Check out these related webinars…

Introduction

In this article, we’re going to explore the tasks involved in moving a larger project to Apache Maven. By “larger project”, we mean a project with several deliverable artifacts, like ‘jar’ files or ‘ear’ files, and sophisticated dependencies, both among the project artifacts, and on external artifacts.The article is targeted to people who have development experience, but little experience with Maven.

Some Background on Maven

Apache Maven is described on the Maven web site as follows:

Apache Maven is a software project management and comprehension tool. Based on the concept of a project object model (POM), Maven can manage a project’s build, reporting and documentation from a central piece of information.

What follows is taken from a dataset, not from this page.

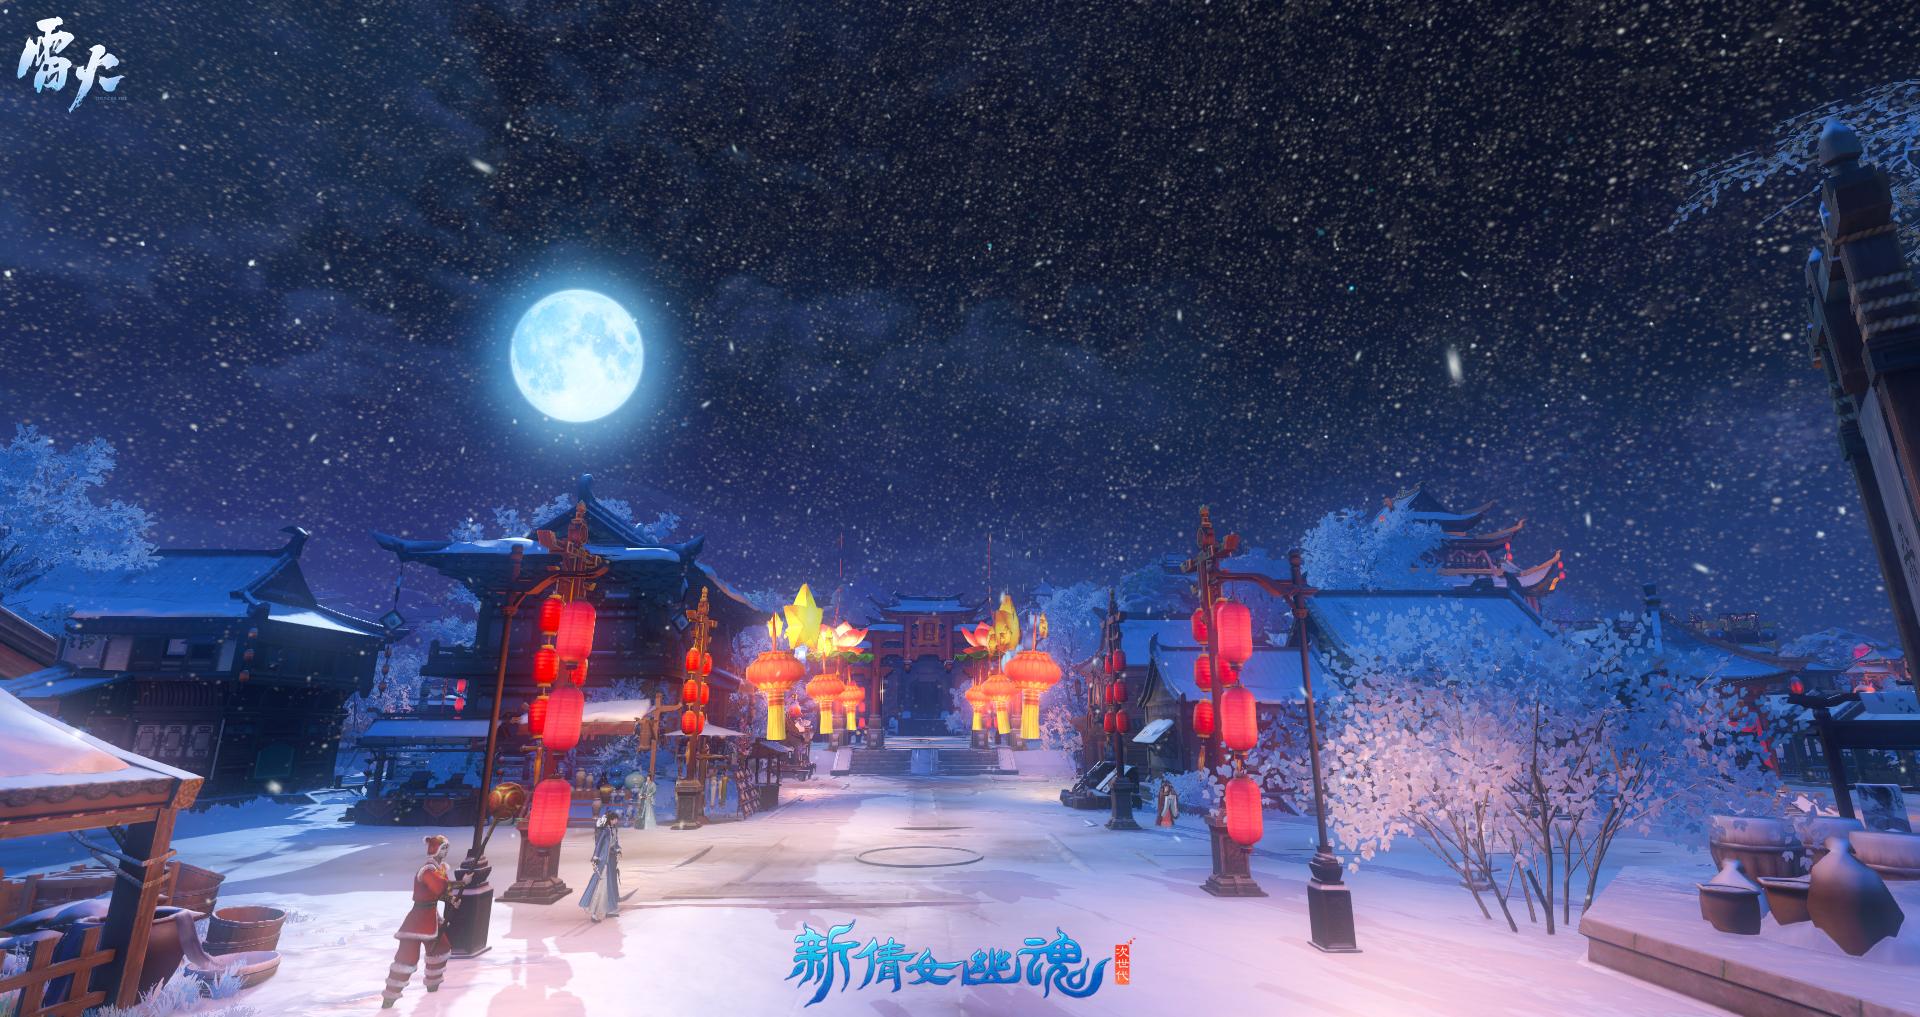 金陵灯市星如雨,风吹雪飘月正圆.jpg

As the official description hints at, Maven is more than a build system. Among other things, it can manage dependencies – the jar files and other artifacts that any given application module needs in order to compile and to operate at runtime. Given a list of dependencies, Maven will look after retrieving those dependencies from a central repository, relieving the developer from managing a store of libraries. Further, Maven will track down transitive dependencies, where a dependency has dependencies of its own.

Maven has a rich ecosystem of plugins that can be used to process the project – plugins are the way that we encode re-usable knowledge in Maven. So, for instance, the knowledge of how to perform test coverage analysis using the ‘Cobertura’ library is encoded into the ‘cobertura-maven’ plugin. If we want to perform this kind of analysis, we have very little configuration to do; we simply call out the ‘cobertura-maven’ plugin. As an additional benefit, Maven treats the plugins as dependencies, and can retrieve the plugins themselves from the central repository. The net result is that we can have highly sophisticated build processing with almost no configuration or installation on the build machine. As you can imagine, this self-configuring behaviour is extremely convenient when we’re setting up new development machines, or using a continuous integration system like Jenkins.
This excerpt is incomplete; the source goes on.